== Supplied data ==
============

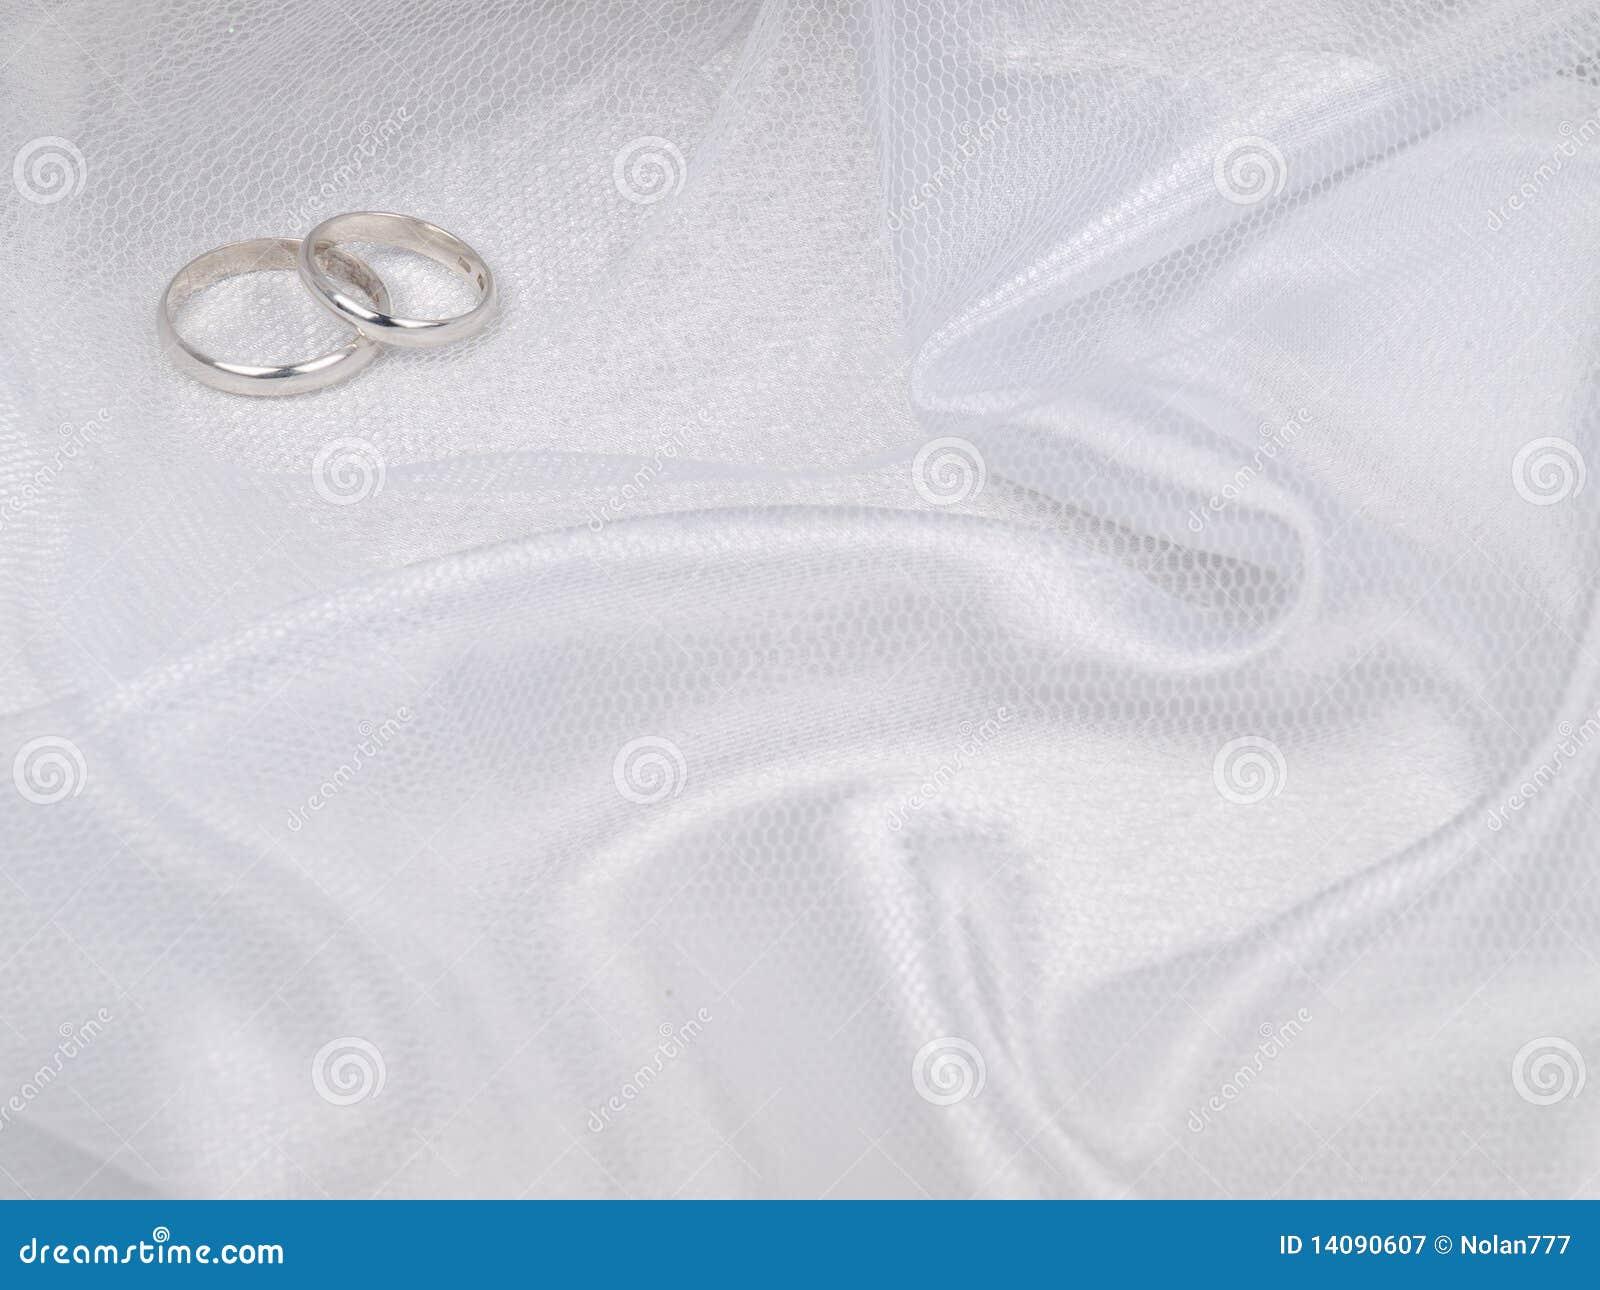 Deux boucles de mariages argentés
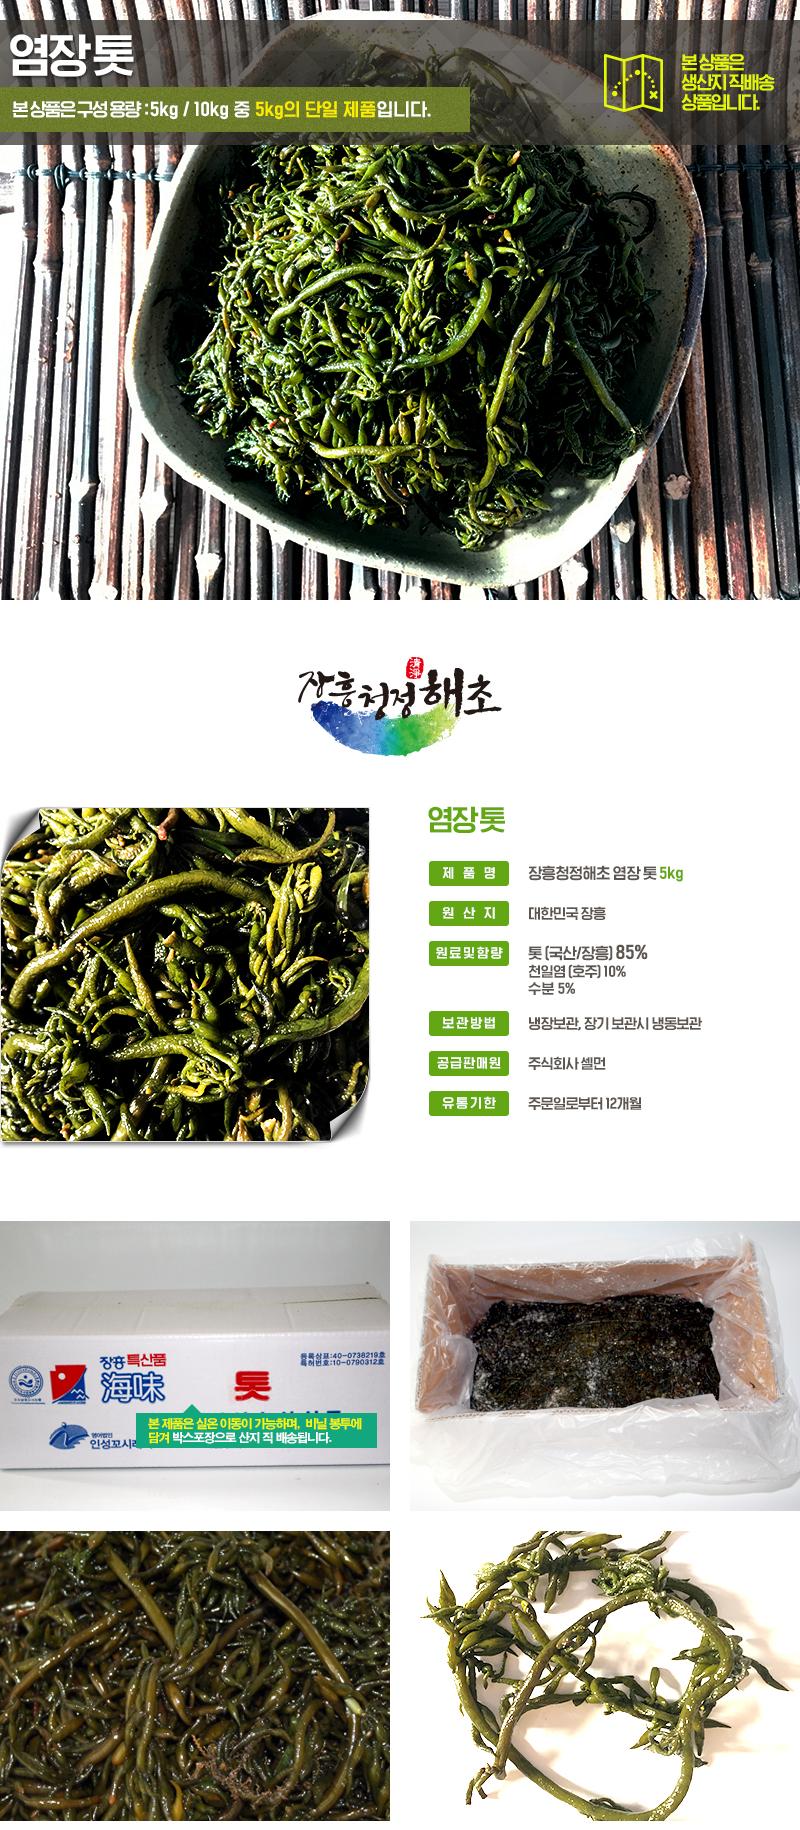 [장흥청정해초] 염장 톳 5kg
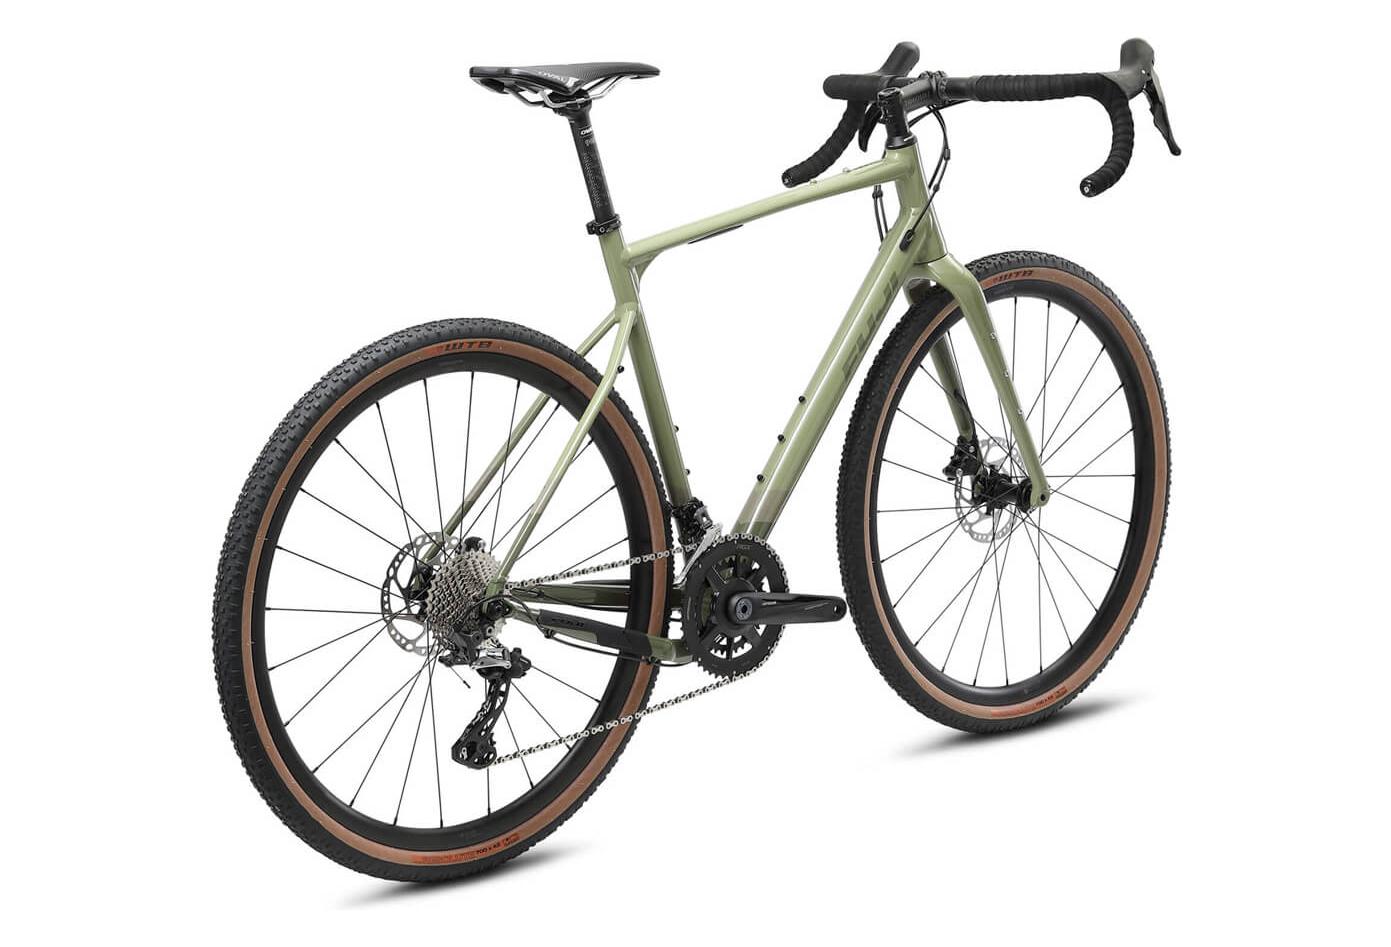 Portaborraccia PRO con entrata laterale sinistra SX bici bicicletta gravel mtb

============

== Assignment ==
Quote in full the listing given above; the images are to be left out.

== Expected output ==
 Deux boucles de mariages argentés
 [장흥청정해초] 염장 톳 5kg
 Portaborraccia PRO con entrata laterale sinistra SX bici bicicletta gravel mtb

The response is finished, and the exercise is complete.